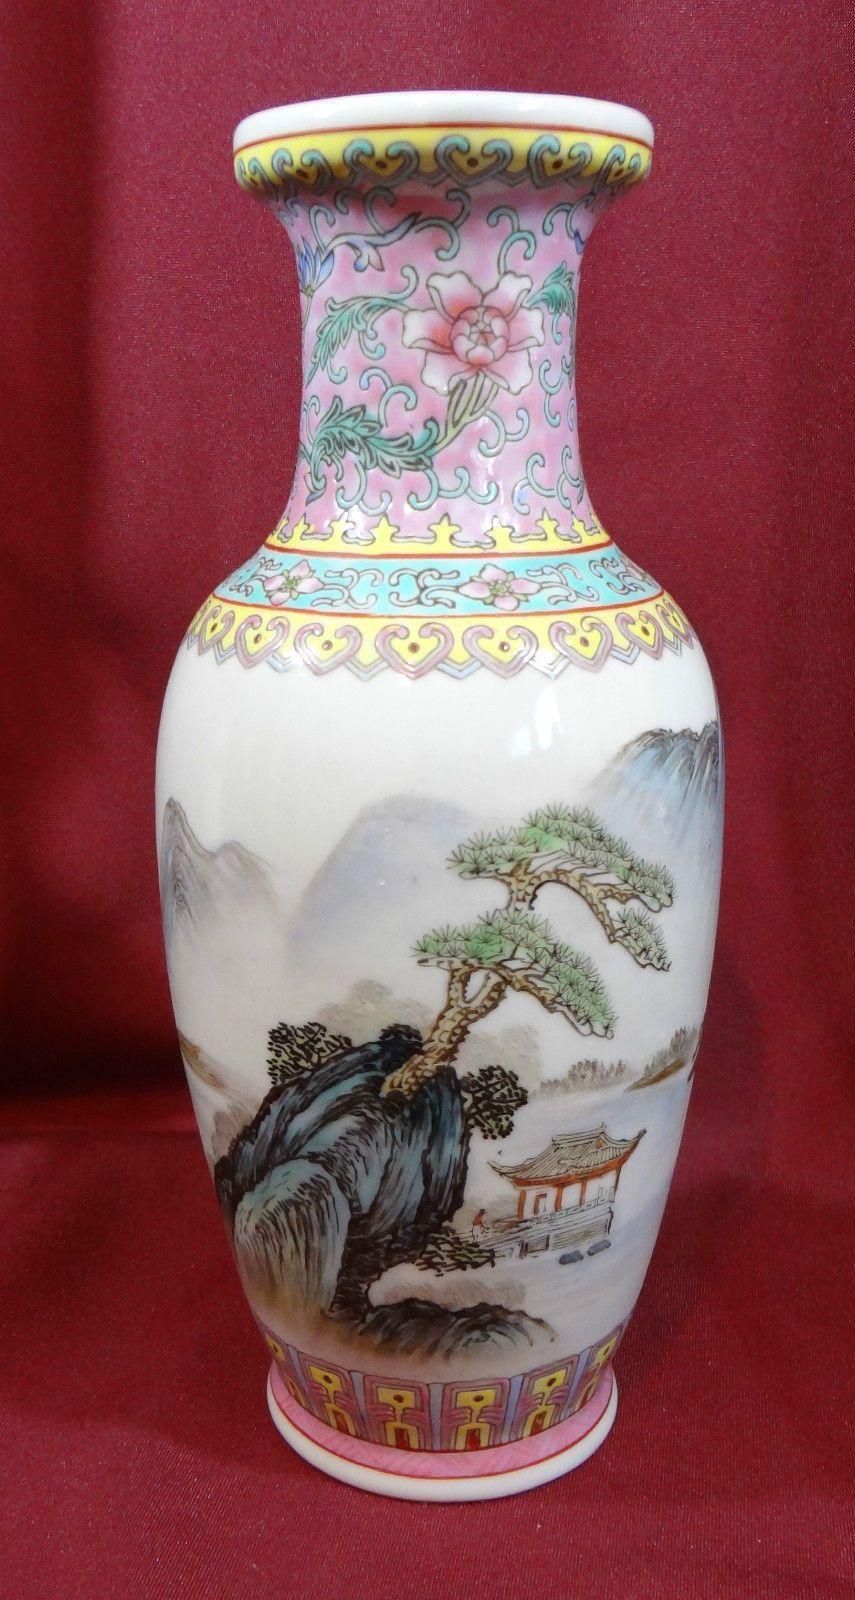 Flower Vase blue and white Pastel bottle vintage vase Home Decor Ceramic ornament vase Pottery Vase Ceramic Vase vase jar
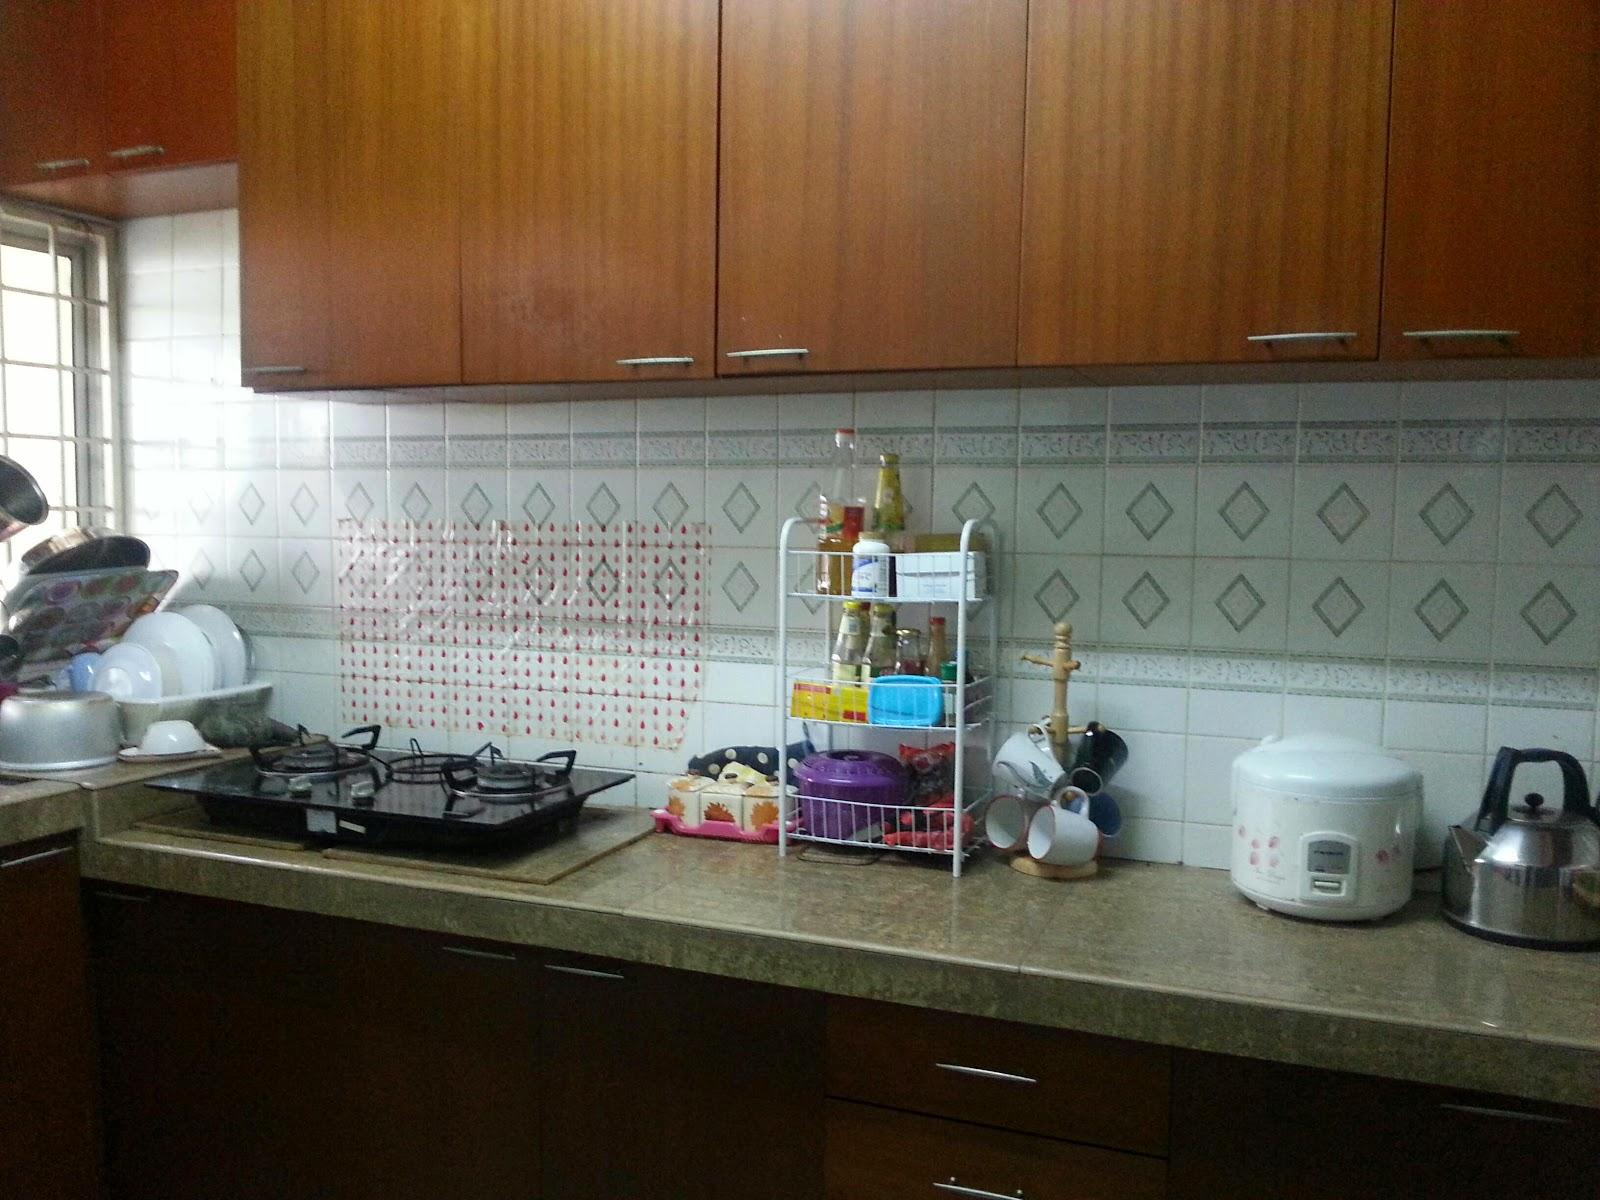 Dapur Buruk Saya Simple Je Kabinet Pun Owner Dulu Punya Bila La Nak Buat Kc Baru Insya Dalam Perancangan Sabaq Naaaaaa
____
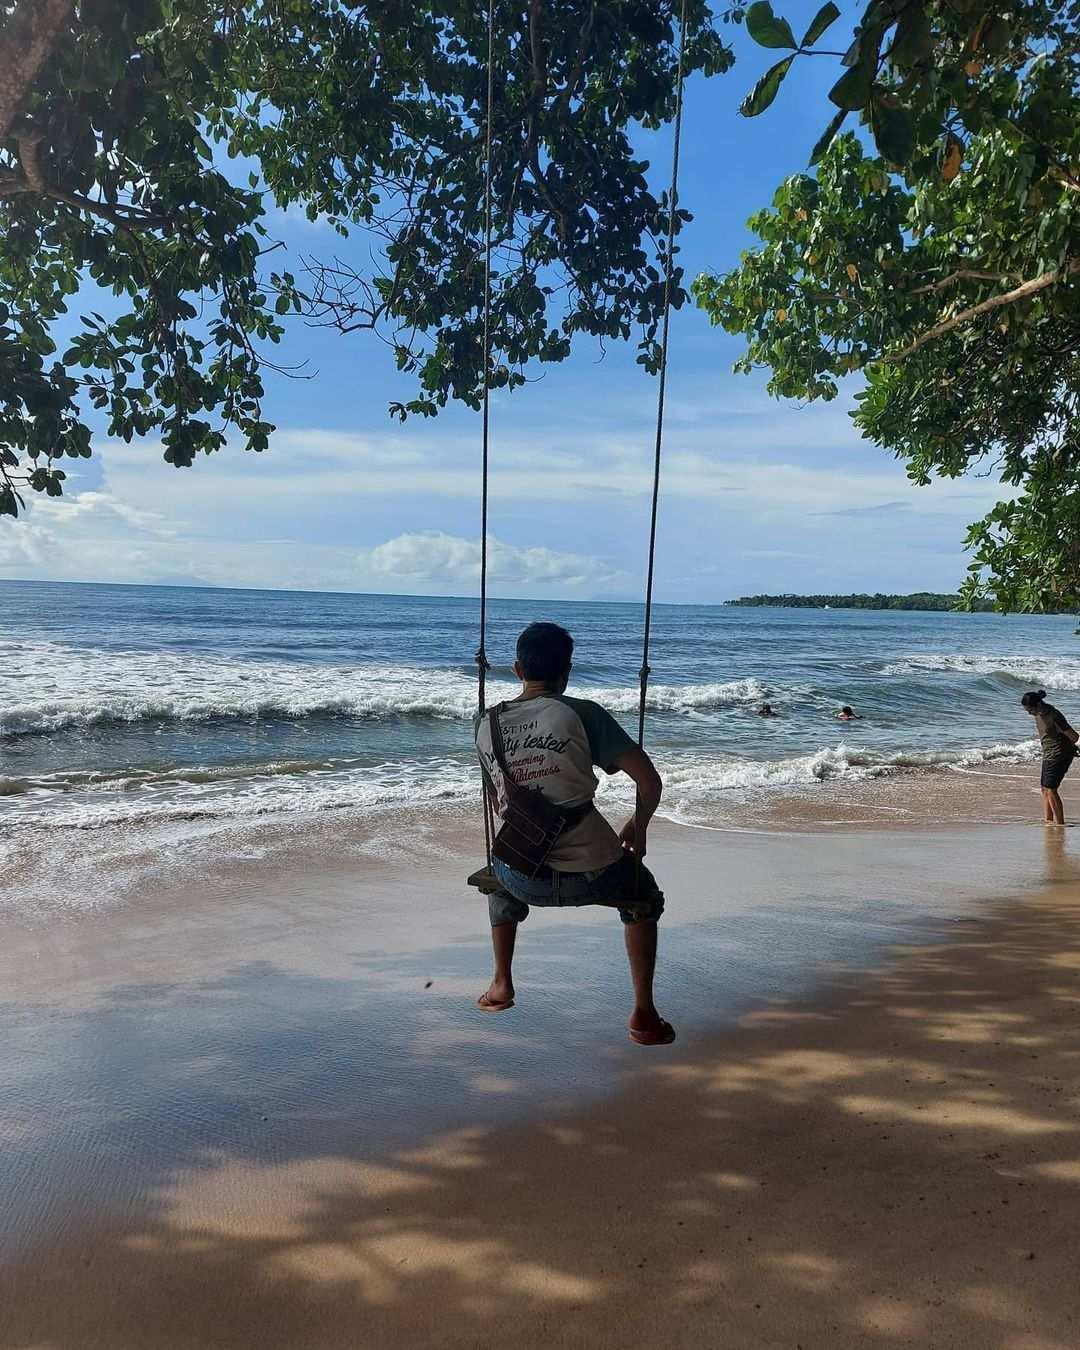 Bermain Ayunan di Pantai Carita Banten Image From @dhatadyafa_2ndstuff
____
With the pictures removed, print only the lines starting at the line that has "Flower Vase blue" and ending at the line that has "Dapur Buruk Saya", both ends included, exactly as they stand above.

 Flower Vase blue and white Pastel bottle vintage vase Home Decor Ceramic ornament vase Pottery Vase Ceramic Vase vase jar
 Dapur Buruk Saya Simple Je Kabinet Pun Owner Dulu Punya Bila La Nak Buat Kc Baru Insya Dalam Perancangan Sabaq Naaaaaa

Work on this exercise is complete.